Editor's Note: Since the German scientist Paul Ehrlich introduced the concept of the "magic bullet" in 1913, antibody-drug conjugates (ADCs) have revolutionized cancer treatment, leading to significant breakthroughs and providing highly effective therapeutic options for patients. To date, more than 300 ADCs have been investigated for various cancer indications, and several have achieved clinical approval. However, as research has advanced, challenges such as changes in antigen expression, ADC processing efficiency, and payload release have emerged, giving rise to resistance. Addressing these challenges has become a priority for the field.Recently, Dr. Yongsheng Li’s team from Chongqing University Cancer Hospital published a comprehensive review titled “Antibody-drug conjugates in cancer therapy: mechanisms and clinical studies” in the high-impact journal MedComm (IF: 10.7). This review offers a detailed overview of ADCs, covering their historical evolution, structure, mechanisms of action, advancements in components, target selection, completed and ongoing clinical trials, resistance mechanisms, and future prospects. Below is an analysis of the key insights from their study.
The Evolution of ADCs: A Historical Perspective
The concept of ADCs was first proposed in 1967, but it wasn’t until 2000 that gemtuzumab ozogamicin (GO) became the first ADC approved by the FDA, marking a pivotal moment in targeted cancer therapy. GO’s approval for treating acute myeloid leukemia (AML) signified the beginning of the ADC era in oncology.
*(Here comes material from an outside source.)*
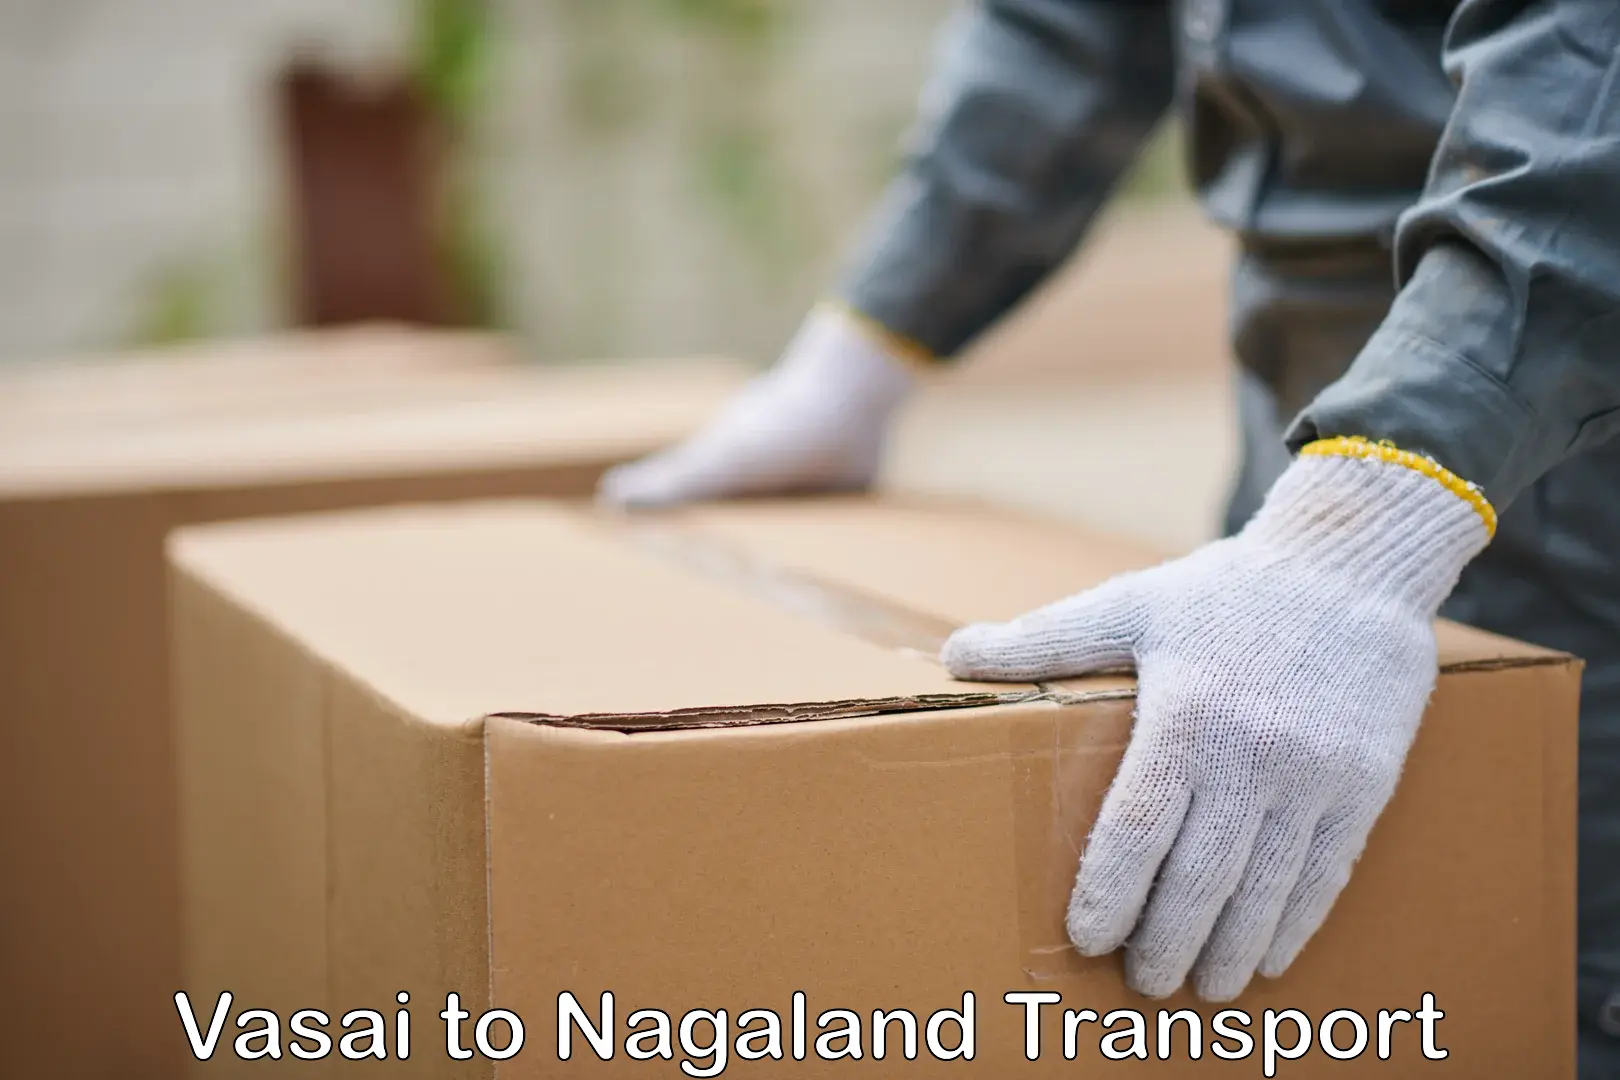 Furniture transport service Vasai to Nagaland
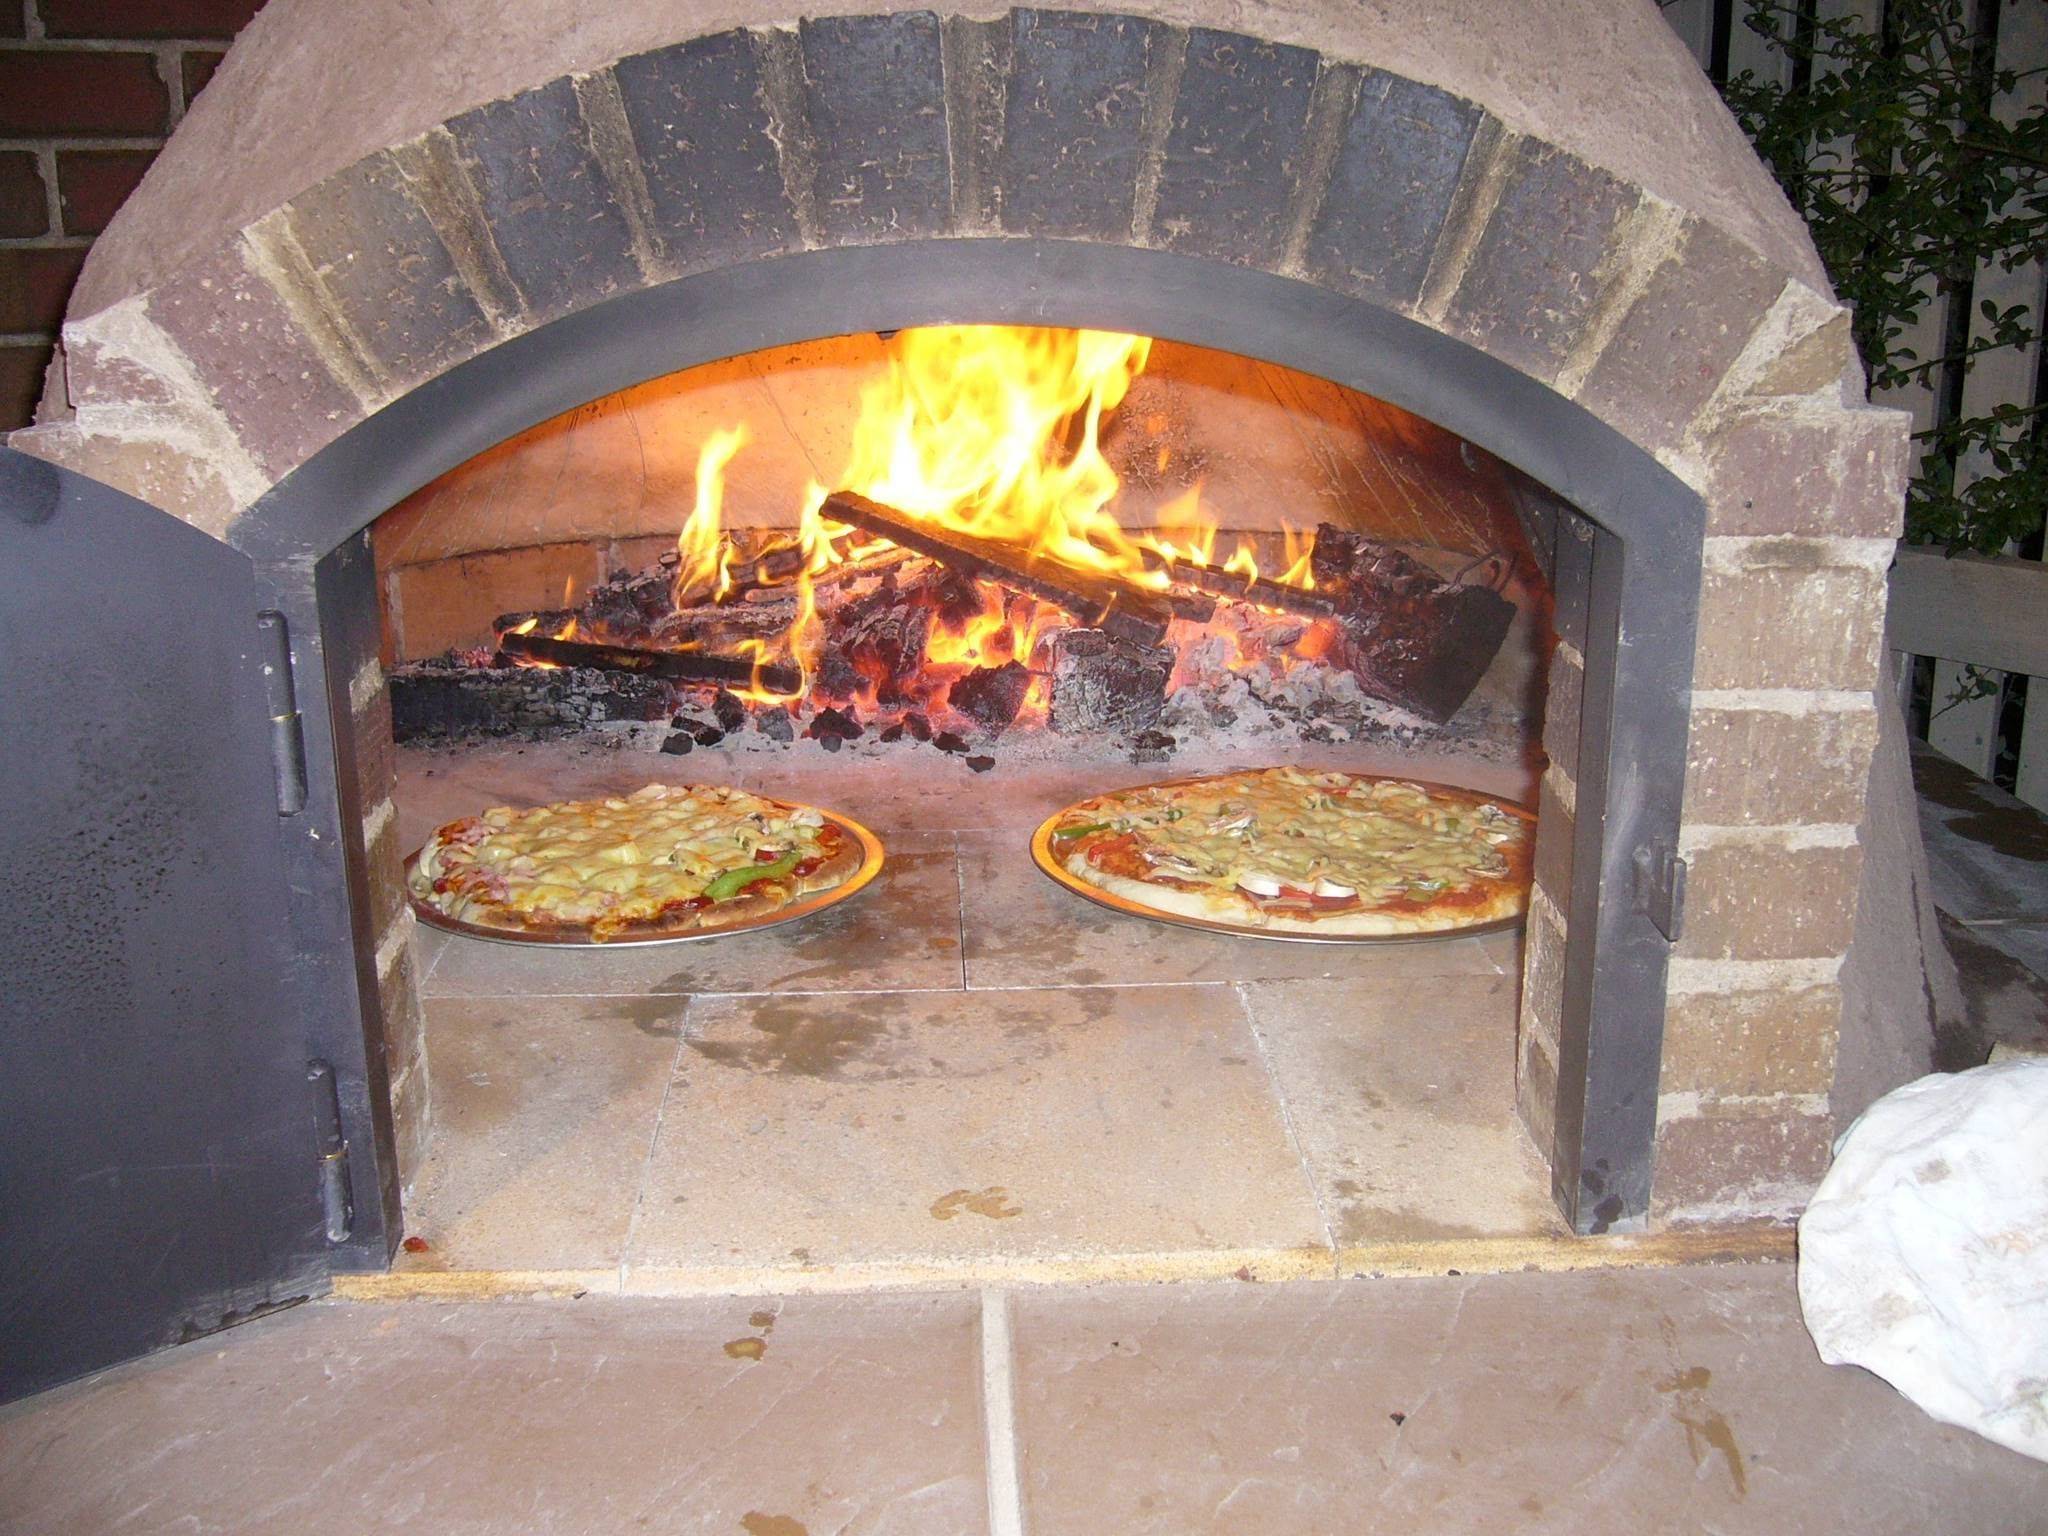 Печь помпейская для пиццы своими руками: чертежи, особенности конструкции, кладка

ADCs are engineered by conjugating an antibody to a cytotoxic drug via a linker. This innovative structure enables ADCs to combine the potent cell-killing power of traditional chemotherapy with the precision targeting of antibodies. Once administered, the antibody component binds to specific antigens on the surface of tumor cells, facilitating internalization of the ADC into the cell. Within the endosome, the ADC can interact with Fc receptors, resulting in partial transport back to the cell surface and subsequent extracellular release through FcRn-mediated transcytosis. Alternatively, ADC-antigen complexes are directed to lysosomes, where enzymatic degradation or acidic conditions release the cytotoxic payload. This payload then disrupts DNA or inhibits tumor cell division, ultimately inducing cell death.
Advances in ADC Development and Applications
Advancements in ADC technology have led to the development of a growing number of drugs for various types of cancer. Currently, more than 300 ADC candidates are being evaluated in clinical trials, spanning different stages of development. In oncology, approved ADCs target specific proteins that are overexpressed on tumor cells, such as HER2, Trop2, Nectin4, and EGFR in solid tumors, as well as CD19, CD22, CD33, CD30, and CD79b in hematologic malignancies. The success of drugs like T-DM1 and recent approvals of T-Dxd, sacituzumab govitecan, and enfortumab vedotin have significantly expanded the use of ADCs in solid tumor treatment.
Beyond traditional tumor cell antigens, ADC research has extended to targets in the tumor microenvironment, including stromal and vascular system components. Recent evidence from preclinical and clinical studies highlights the potential of targeting neovascularization, extracellular matrix components, and tumor stroma for ADC development, signaling a shift in how these drugs may be utilized in the future.
Challenges and Mechanisms of Resistance
Despite significant progress, ADCs face challenges, particularly with resistance. Clinical data shows a wide range of progression-free survival (PFS) outcomes, from as short as 2.0 months to as long as 28.8 months. Resistance can arise from abnormalities in any component of the ADC structure or as a result of therapeutic pressure during treatment. Resistance mechanisms include the downregulation, deletion, or mutation of target antigen genes, which can make the tumor cells less responsive to ADCs. Impaired internalization pathways and reduced lysosomal proteolytic function can also diminish the effectiveness of the ADC once inside the cell. Additional factors, such as cell cycle arrest, overexpression of drug efflux transport proteins, dysregulation of apoptotic pathways, and the activation of alternative signaling pathways, further complicate the issue.
The Promise of ADCs and Future Directions
ADCs offer several advantages, including high specificity, strong efficacy, a long half-life, fewer adverse effects, and favorable prognoses for patients. These attributes have established ADCs as a critical focus in global drug development. Optimizing ADC design requires a deeper understanding of the interplay between structure, clinical activity, and mechanisms of action. Identifying novel antigens and cytotoxic payloads will be essential for improving therapeutic efficacy. Furthermore, advancing ADCs with innovative biomarkers, linkers, payloads, and mechanisms of action holds promise for expanding cancer treatment options.
The development of ADCs has also led to the emergence of combination therapies, which show potential in enhancing treatment efficacy. As the field moves forward, researchers will focus on refining ADC design, overcoming resistance, and exploring new therapeutic combinations to improve outcomes for patients with cancer.